По пути в Милан, где ему предстояло короноваться короной Италии, Наполеон провел шесть дней в Лионе и спал там (хотя Жозефина его сопровождала) с Франсуазой-Мари де Пеллапра, урожденной Леруа, женой богатого финансиста[134]{1361}. Коронацию 26 мая в грандиозном Миланском соборе, в присутствии кардинала Капрары и еще семерых кардиналов, посетили 30 000 человек. «Церковь очень красива, – рассказывал Наполеон Камбасересу. – Церемония была столь же хороша, как и парижская, с той лишь разницей, что погода была превосходной. Взяв Железную корону и возложив ее на себя, я произнес: “Бог дал мне корону, и горе тому, кто ее тронет”. Надеюсь, так все и будет»{1362}. Железную корону Ломбардии – тяжелый золотой венец с железным обручем внутри (по преданию, изготовленным из гвоздя Креста Господня) – носили все императоры Священной Римской империи начиная с Фридриха I Барбароссы в 1155 году, и использование ее Наполеоном стало выпадом против тогдашнего владельца – австрийского императора Франца.

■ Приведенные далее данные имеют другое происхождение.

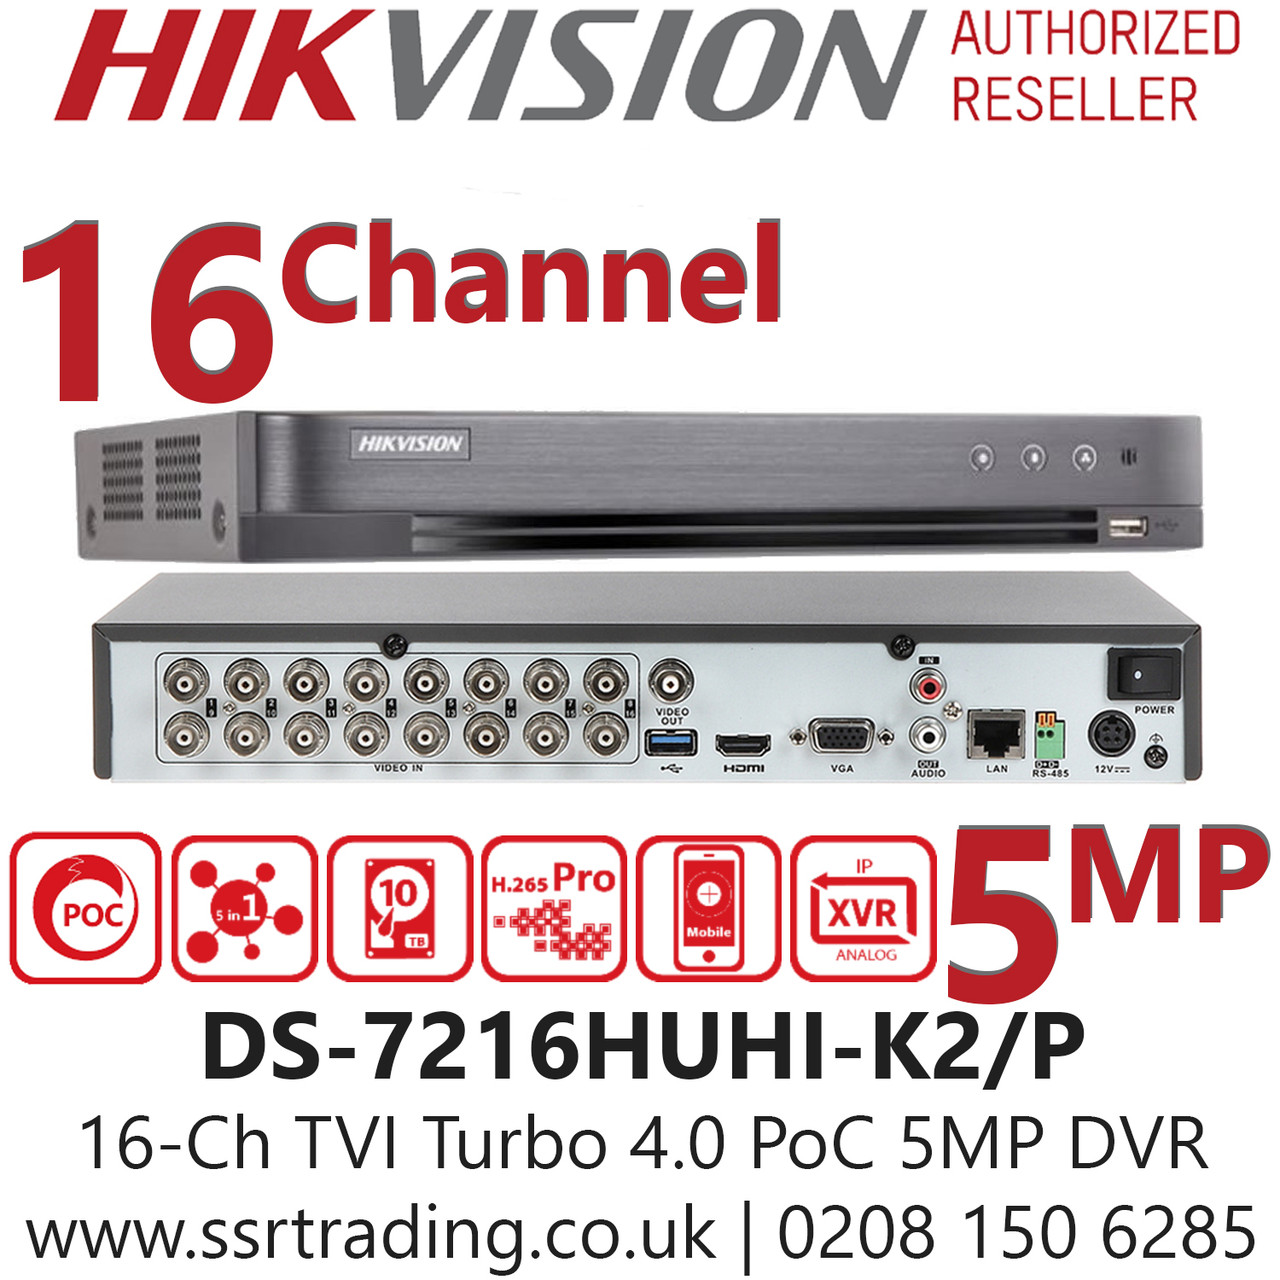 HIKVISION DS-7216HUHI-K2/P 16 channel TVI Turbo 4.0 PoC 5MP DVR, 16CH CCTV  Surveillance Recorder with 2 SATA Interface

В пятую годовщину Маренго Наполеон посетил поле битвы, надев мундир, по словам Боссе «потертый и местами разорванный. В руке он держал большую старую, простреленную пулями шляпу с золотым галуном»{1363}. Этот мундир Наполеон носил в сражении, и неважно, были ли эти отверстия поистине отверстиями от пуль: это свидетельствует о пропагандистском гении Наполеона. Следующий месяц он провел в Брешии, Вероне, Мантуе, Болонье, Модене, Пьяченце, Женеве и Турине, а ночью 11 июля, всего через 84 часа после отъезда из Турина, преодолев 531 километр, приехал во дворец Фонтенбло – полюбившийся Наполеону бывший охотничий домик Бурбонов. То был его последний визит в Италию. Наполеон назначил вице-королем Евгения Богарне (добродушное благоразумие двадцатитрехлетнего пасынка императора обеспечило ему популярность среди простых итальянцев{1364}). За три июньских дня Наполеон написал Евгению не менее шестнадцати писем об искусстве управления государством («Умей слушать; будь уверен, молчание нередко оказывает тот же эффект, что и осведомленность», «Не стыдись задавать вопросы», «На любом другом посту, кроме поста вице-короля Италии, гордись тем, что ты француз, но здесь ты не должен придавать этому большого значения»), хотя повседневными делами по-прежнему занимался Мельци д’Эриль, бывший вице-президент Итальянской республики, которого Наполеон не отпускал, несмотря на бесконечные жалобы на подагру{1365}. Мельци д’Эрилю не составляло труда подыскать способных к управлению итальянцев, сторонников новой, французской модели управления. Конечно, Жозеф и Луи с досадой восприняли возвышение Евгения, хотя любой из них мог стать итальянским королем, если б отказался от прав на французский престол{1366}.

«Моя континентальная блокада – дело решенное, – объявил Наполеон Талейрану в июне 1805 года – Я не хочу переходить Рейн или Адидже; я хочу жить в мире, но не потерплю склок»{1367}. Хотя Наполеон не рассчитывал на территориальные приобретения вне Италии и за Рейном, он ожидал, что Франция останется крупнейшей из европейских держав, судьей в международных делах, и был вполне готов напасть на любое государство или несколько государств, искавших «склоки».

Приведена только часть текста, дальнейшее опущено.